Faster OpenStreetMap imports 1/n: introduction
As part of generating GPS trail overlays for timelapse videos, I needed to import part of the OSM dataset in to a PostGIS database. After a couple of days struggling with the import, I figured it might be worth understanding the problem space better to optimize the process to my needs.
The rough plan:
- Understand OSM PBF files
- Understand the import process
- Change the system to be more efficient (draw the rest of the owl)
The series of blogs will document the final solution. If you aren't technical, this isn't going to be very interesting. If you don't care about maps, this isn't going to be very interesting. If you don't care about optimizing things, this isn't going to be very interesting. Can you see the pattern? The pattern is not very interesting.
This is a results driven project. The correctness of the PostGIS database is not important, only correct maps at the end. The entire process is free to be manipulated.
That being said, everything in this space is C/C++/Java, none of which are languages I have a strong familiarity with, so the less manipulation in the existing tools, the better.
This took approximately 16 hours to fail.
We have two goals:
- don't fail
- do it in less than 16 hours
Side note: it was able to import when the system had swap enabled, and it took approximately 3 days*. Server is an i7-5820K with 32GB of RAM, with a bunch of stuff running on it.
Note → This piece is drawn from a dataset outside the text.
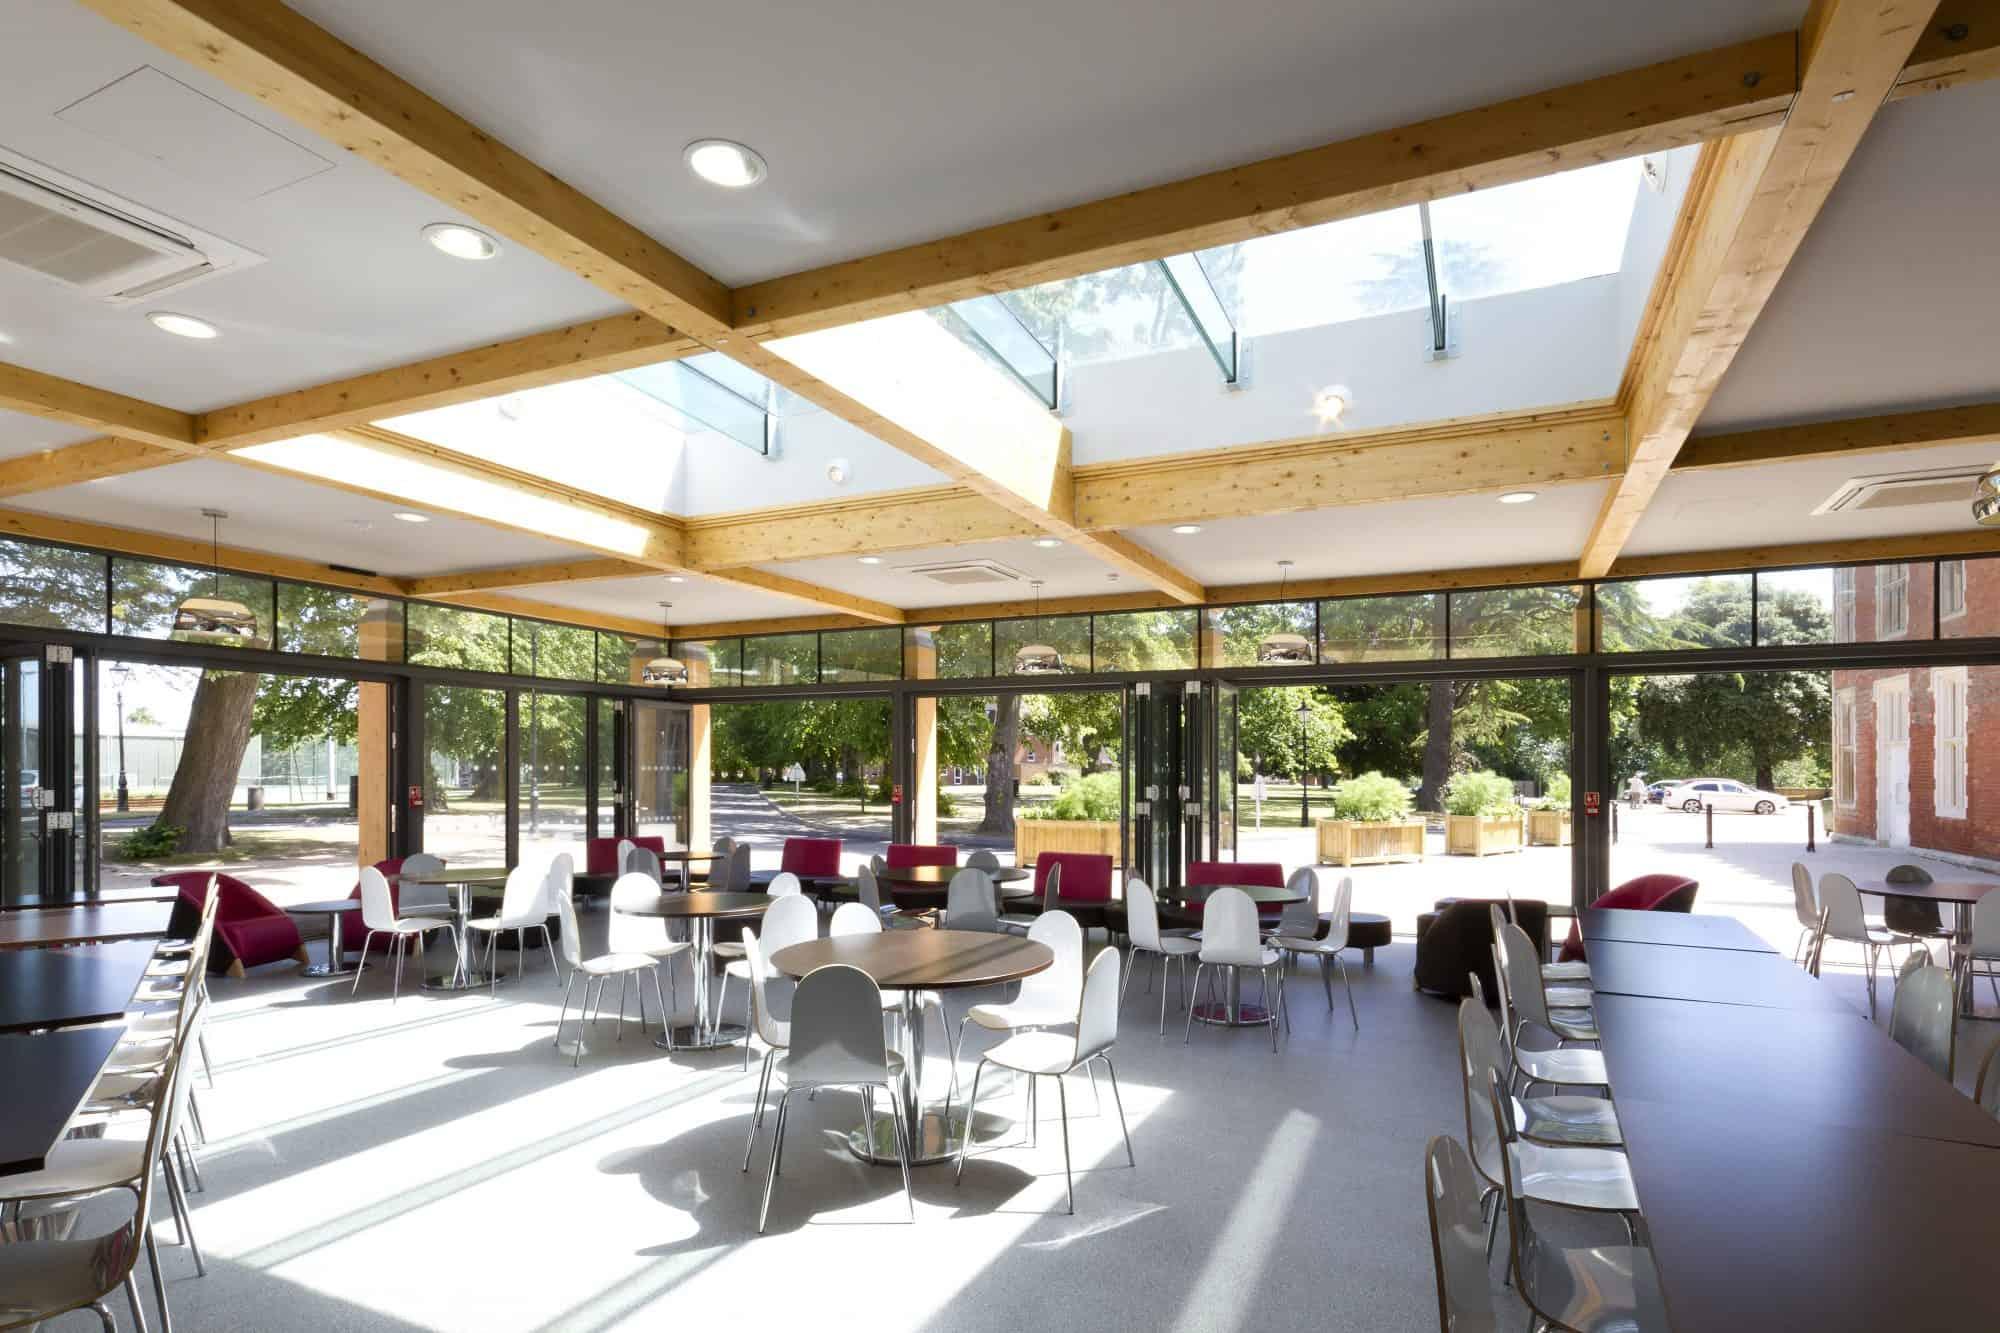 Benenden School Dining Hall Lee Evans Partnership

Disk (including swap) is spinning rust. Lowering the cache size helps with crashing, but that makes us swap**, which is exponentially slower, and I aborted it after a week.
* This journey started early September. I had a complete import of the US months ago, it just took 3 days. But that wasn't good enough.
** I use the term swap throughout this blog to refer to disk thrashing in any form, because it's 4 letters ("swap") instead of 14 letters ("disk thrashing")***. Much of the swapping is paging in memory mapped files, which is all a swap file is****
*** It's because of that kind of efficiency that they pay me the big bucks.
**** I know this is wrong, deal with it.